Graduate Group in Biophysics, Department of Pharmaceutical Chemistry, University of California, San Francisco, California, USA.
Proteins. 2011 Mar;79(3):821-9. doi: 10.1002/prot.22920. Epub 2010 Dec 6.
Prior studies suggest that antibody affinity maturation is achieved, in part, via prearranging the CDRs for binding. The implication is that the entropy cost of binding is reduced and that this rigidification occurs as a consequence of somatic mutations during maturation. However, how these mutations modulate CDR flexibility is unclear. Here, molecular dynamics simulations captured CDR flexibility differences between four mature antibodies (7G12, AZ28, 28B4, and 48G7) and their germline predecessors. Analysis of their trajectories: (1) rationalized how mutations during affinity maturation restrict CDR motility, (2) captured the equilibrium between bound and unbound conformations for the H3 loop of unliganded 7G12, and (3) predicted a set of new mutations that, according to our simulations, should diminish binding by increasing flexibility.

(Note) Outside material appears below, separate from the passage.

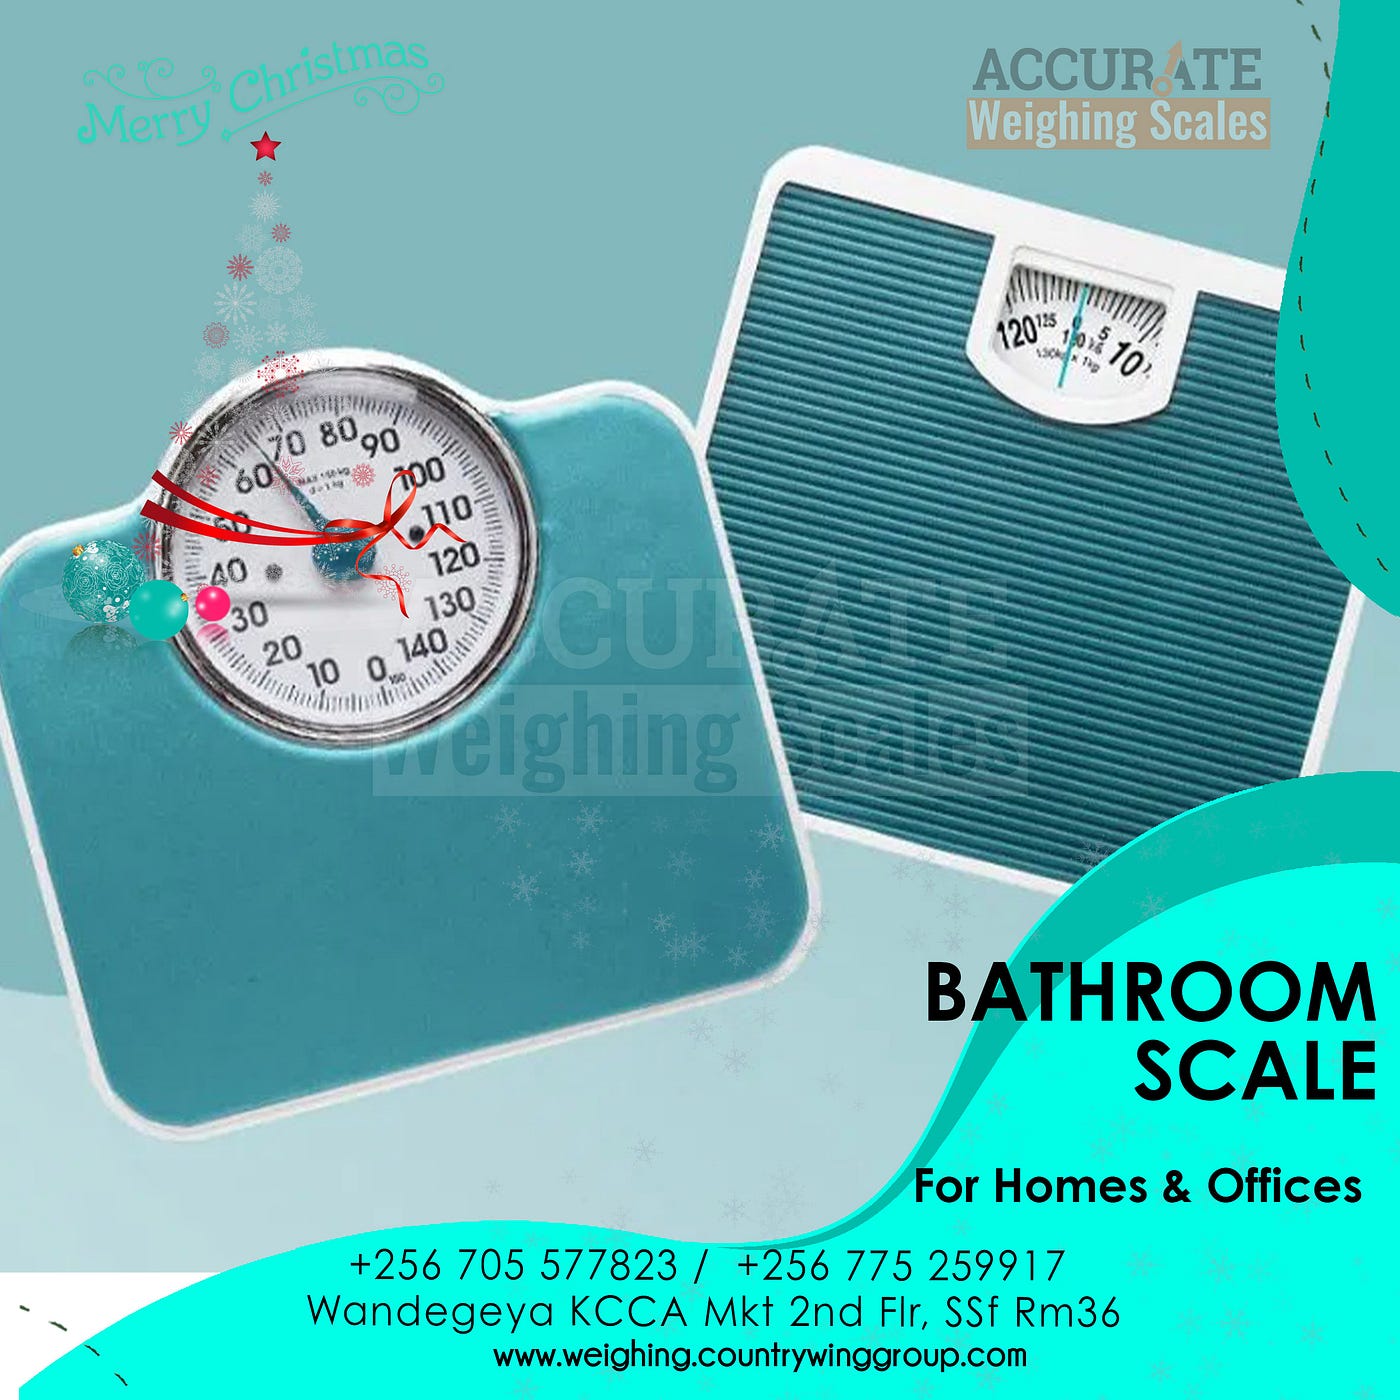 Where can find body weight weighing scale suppliers in Wandegeya Uganda?

先前的研究表明,抗体亲和力成熟部分是通过预先安排 CDR 来实现结合的。这意味着结合的熵成本降低了,并且这种僵化是由于成熟过程中的体细胞突变而发生的。然而,这些突变如何调节 CDR 的灵活性尚不清楚。在这里,分子动力学模拟捕捉到了四个成熟抗体(7G12、AZ28、28B4 和 48G7)与其原始种系之间 CDR 灵活性的差异。对它们轨迹的分析:(1) 合理地解释了亲和力成熟过程中的突变如何限制 CDR 的运动性,(2) 捕捉到了未结合的 7G12 的 H3 环在结合和未结合构象之间的平衡,(3) 根据我们的模拟预测了一组新的突变,这些突变应该通过增加灵活性来降低结合。